● Work request
From the material below, copy exactly the lines beginning with the one that contains "<b>检测服务行业系统需要具备这些功能!</b>" and ending with the one that contains "Ercol Rocking Chair"; the pictures stay out.

● Exercise data
»»

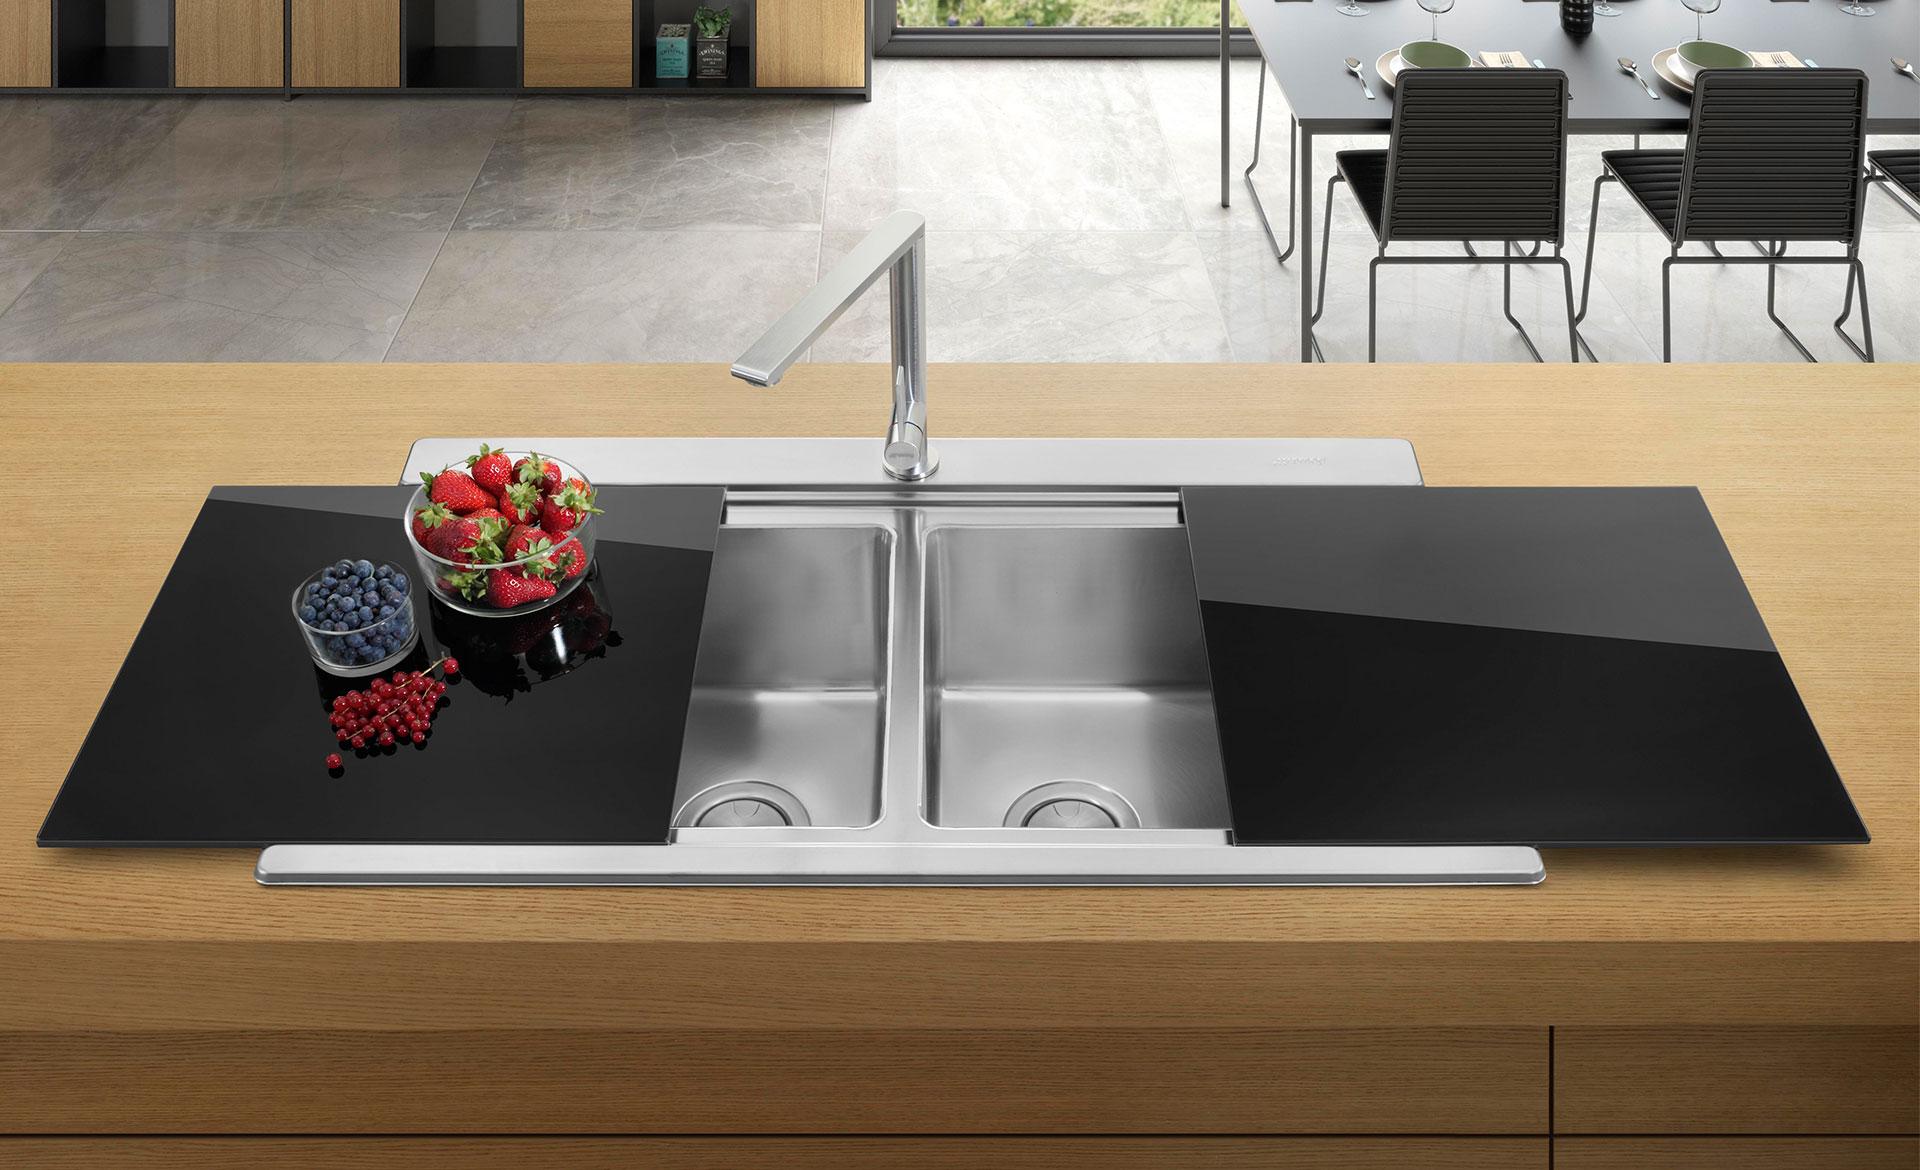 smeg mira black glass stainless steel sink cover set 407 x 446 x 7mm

««
»»

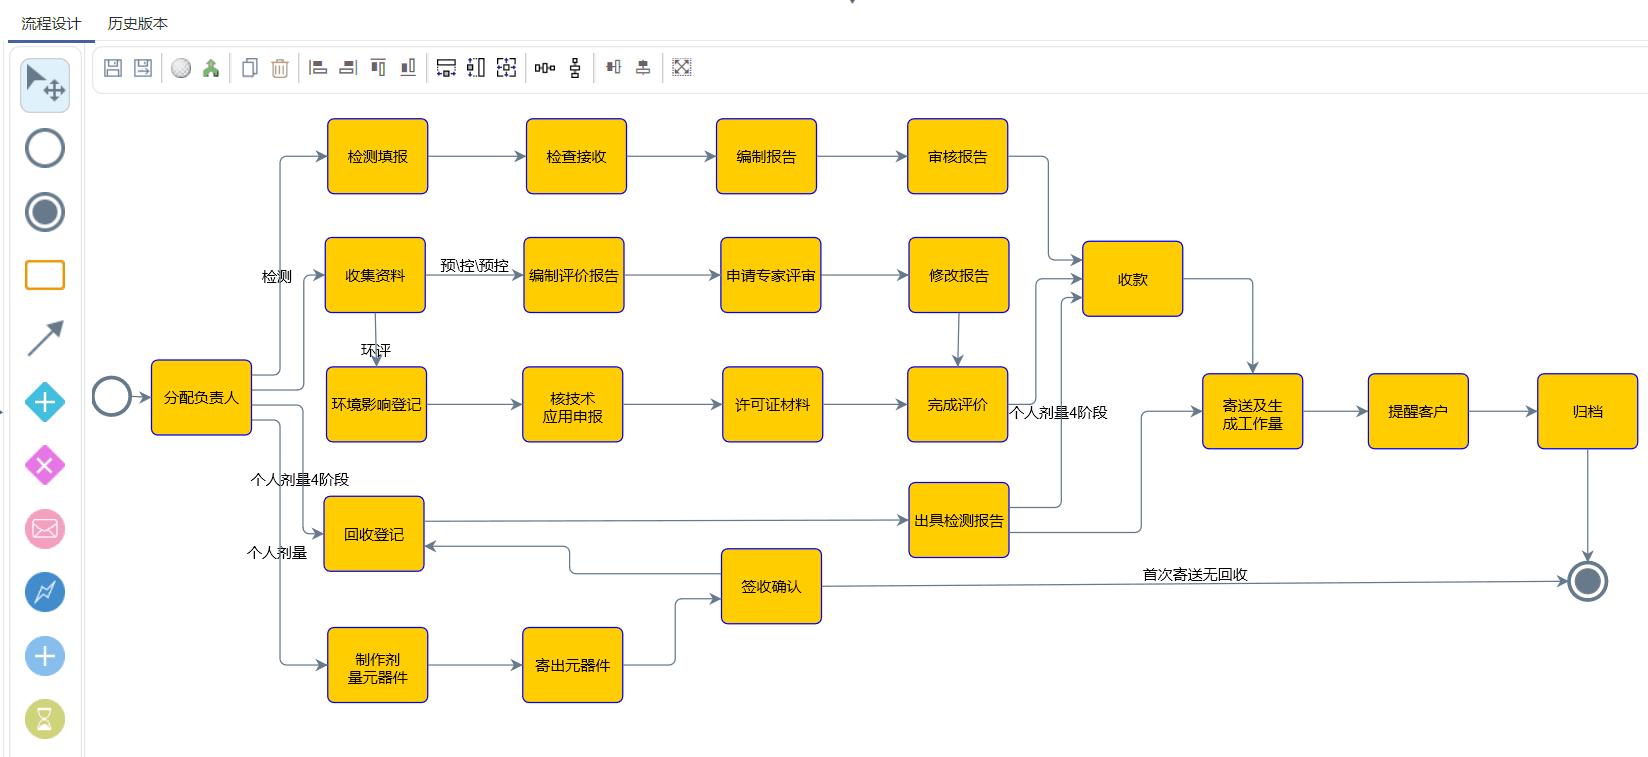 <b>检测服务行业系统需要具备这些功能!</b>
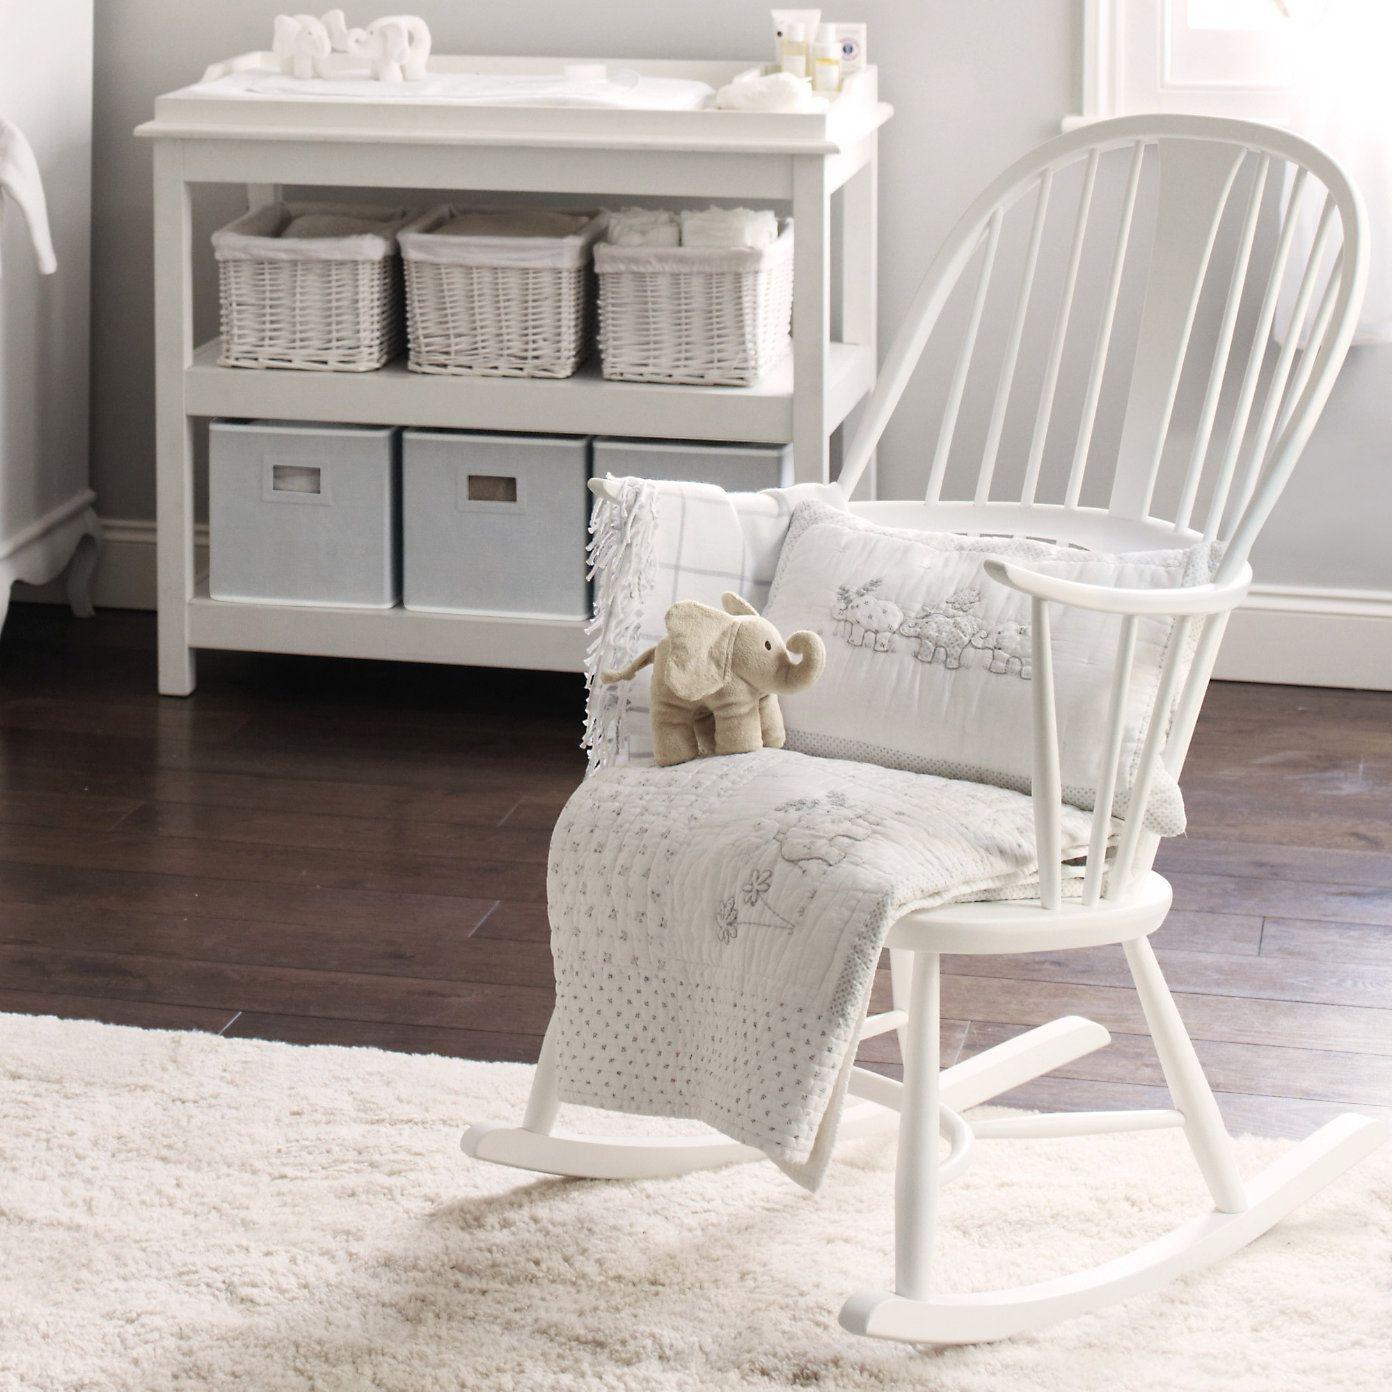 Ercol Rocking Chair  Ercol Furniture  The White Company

««

● Solution to this problem
 <b>检测服务行业系统需要具备这些功能!</b>
 Ercol Rocking Chair  Ercol Furniture  The White Company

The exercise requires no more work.